*** Data

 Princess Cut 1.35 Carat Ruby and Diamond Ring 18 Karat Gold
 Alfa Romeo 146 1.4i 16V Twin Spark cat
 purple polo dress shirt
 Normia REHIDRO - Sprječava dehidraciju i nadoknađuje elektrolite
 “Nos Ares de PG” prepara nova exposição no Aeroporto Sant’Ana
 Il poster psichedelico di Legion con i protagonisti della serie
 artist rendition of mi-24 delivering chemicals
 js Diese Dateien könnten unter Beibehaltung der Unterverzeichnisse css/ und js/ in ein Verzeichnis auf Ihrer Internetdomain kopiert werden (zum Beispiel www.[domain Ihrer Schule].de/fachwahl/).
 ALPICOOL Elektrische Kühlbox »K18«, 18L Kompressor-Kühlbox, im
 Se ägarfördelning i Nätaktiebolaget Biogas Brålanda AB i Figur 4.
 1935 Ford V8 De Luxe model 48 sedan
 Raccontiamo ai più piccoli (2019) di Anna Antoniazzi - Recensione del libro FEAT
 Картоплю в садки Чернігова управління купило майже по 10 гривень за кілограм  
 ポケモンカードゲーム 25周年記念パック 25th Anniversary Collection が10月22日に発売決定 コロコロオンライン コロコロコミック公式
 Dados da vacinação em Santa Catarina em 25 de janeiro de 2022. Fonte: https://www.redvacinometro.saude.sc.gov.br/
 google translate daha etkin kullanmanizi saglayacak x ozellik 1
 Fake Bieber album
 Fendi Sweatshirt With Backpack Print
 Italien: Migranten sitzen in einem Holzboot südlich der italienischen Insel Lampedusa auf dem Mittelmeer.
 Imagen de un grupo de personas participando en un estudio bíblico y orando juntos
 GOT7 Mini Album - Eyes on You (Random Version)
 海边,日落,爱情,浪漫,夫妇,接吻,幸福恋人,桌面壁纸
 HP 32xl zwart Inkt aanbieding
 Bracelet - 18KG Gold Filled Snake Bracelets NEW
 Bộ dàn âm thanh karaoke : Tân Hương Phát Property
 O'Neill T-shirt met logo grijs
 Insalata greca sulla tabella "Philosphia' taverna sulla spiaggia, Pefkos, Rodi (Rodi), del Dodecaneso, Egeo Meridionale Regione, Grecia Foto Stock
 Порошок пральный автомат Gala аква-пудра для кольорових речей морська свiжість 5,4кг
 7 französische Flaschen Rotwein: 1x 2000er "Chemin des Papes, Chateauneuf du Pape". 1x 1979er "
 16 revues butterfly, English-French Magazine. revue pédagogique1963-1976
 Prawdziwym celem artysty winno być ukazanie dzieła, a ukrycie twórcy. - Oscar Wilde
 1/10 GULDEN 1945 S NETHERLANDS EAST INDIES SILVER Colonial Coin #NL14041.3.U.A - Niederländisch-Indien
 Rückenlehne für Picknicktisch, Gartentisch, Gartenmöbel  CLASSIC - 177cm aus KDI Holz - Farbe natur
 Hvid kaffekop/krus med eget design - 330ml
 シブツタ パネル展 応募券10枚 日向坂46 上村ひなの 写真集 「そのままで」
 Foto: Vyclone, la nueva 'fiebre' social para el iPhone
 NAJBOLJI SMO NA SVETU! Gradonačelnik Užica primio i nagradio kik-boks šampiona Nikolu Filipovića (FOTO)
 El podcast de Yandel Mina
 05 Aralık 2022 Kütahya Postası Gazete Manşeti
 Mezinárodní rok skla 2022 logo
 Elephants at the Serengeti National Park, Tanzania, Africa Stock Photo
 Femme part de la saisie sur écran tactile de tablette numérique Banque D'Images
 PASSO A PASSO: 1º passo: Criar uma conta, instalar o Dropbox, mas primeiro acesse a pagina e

******

▶ **Aim of the exercise**
Look above for the line containing "Bộ dàn âm thanh"; copy from it through the last line, exactly, and nothing more.

▶ **Exercise response**
 Bộ dàn âm thanh karaoke : Tân Hương Phát Property
 O'Neill T-shirt met logo grijs
 Insalata greca sulla tabella "Philosphia' taverna sulla spiaggia, Pefkos, Rodi (Rodi), del Dodecaneso, Egeo Meridionale Regione, Grecia Foto Stock
 Порошок пральный автомат Gala аква-пудра для кольорових речей морська свiжість 5,4кг
 7 französische Flaschen Rotwein: 1x 2000er "Chemin des Papes, Chateauneuf du Pape". 1x 1979er "
 16 revues butterfly, English-French Magazine. revue pédagogique1963-1976
 Prawdziwym celem artysty winno być ukazanie dzieła, a ukrycie twórcy. - Oscar Wilde
 1/10 GULDEN 1945 S NETHERLANDS EAST INDIES SILVER Colonial Coin #NL14041.3.U.A - Niederländisch-Indien
 Rückenlehne für Picknicktisch, Gartentisch, Gartenmöbel  CLASSIC - 177cm aus KDI Holz - Farbe natur
 Hvid kaffekop/krus med eget design - 330ml
 シブツタ パネル展 応募券10枚 日向坂46 上村ひなの 写真集 「そのままで」
 Foto: Vyclone, la nueva 'fiebre' social para el iPhone
 NAJBOLJI SMO NA SVETU! Gradonačelnik Užica primio i nagradio kik-boks šampiona Nikolu Filipovića (FOTO)
 El podcast de Yandel Mina
 05 Aralık 2022 Kütahya Postası Gazete Manşeti
 Mezinárodní rok skla 2022 logo
 Elephants at the Serengeti National Park, Tanzania, Africa Stock Photo
 Femme part de la saisie sur écran tactile de tablette numérique Banque D'Images
 PASSO A PASSO: 1º passo: Criar uma conta, instalar o Dropbox, mas primeiro acesse a pagina e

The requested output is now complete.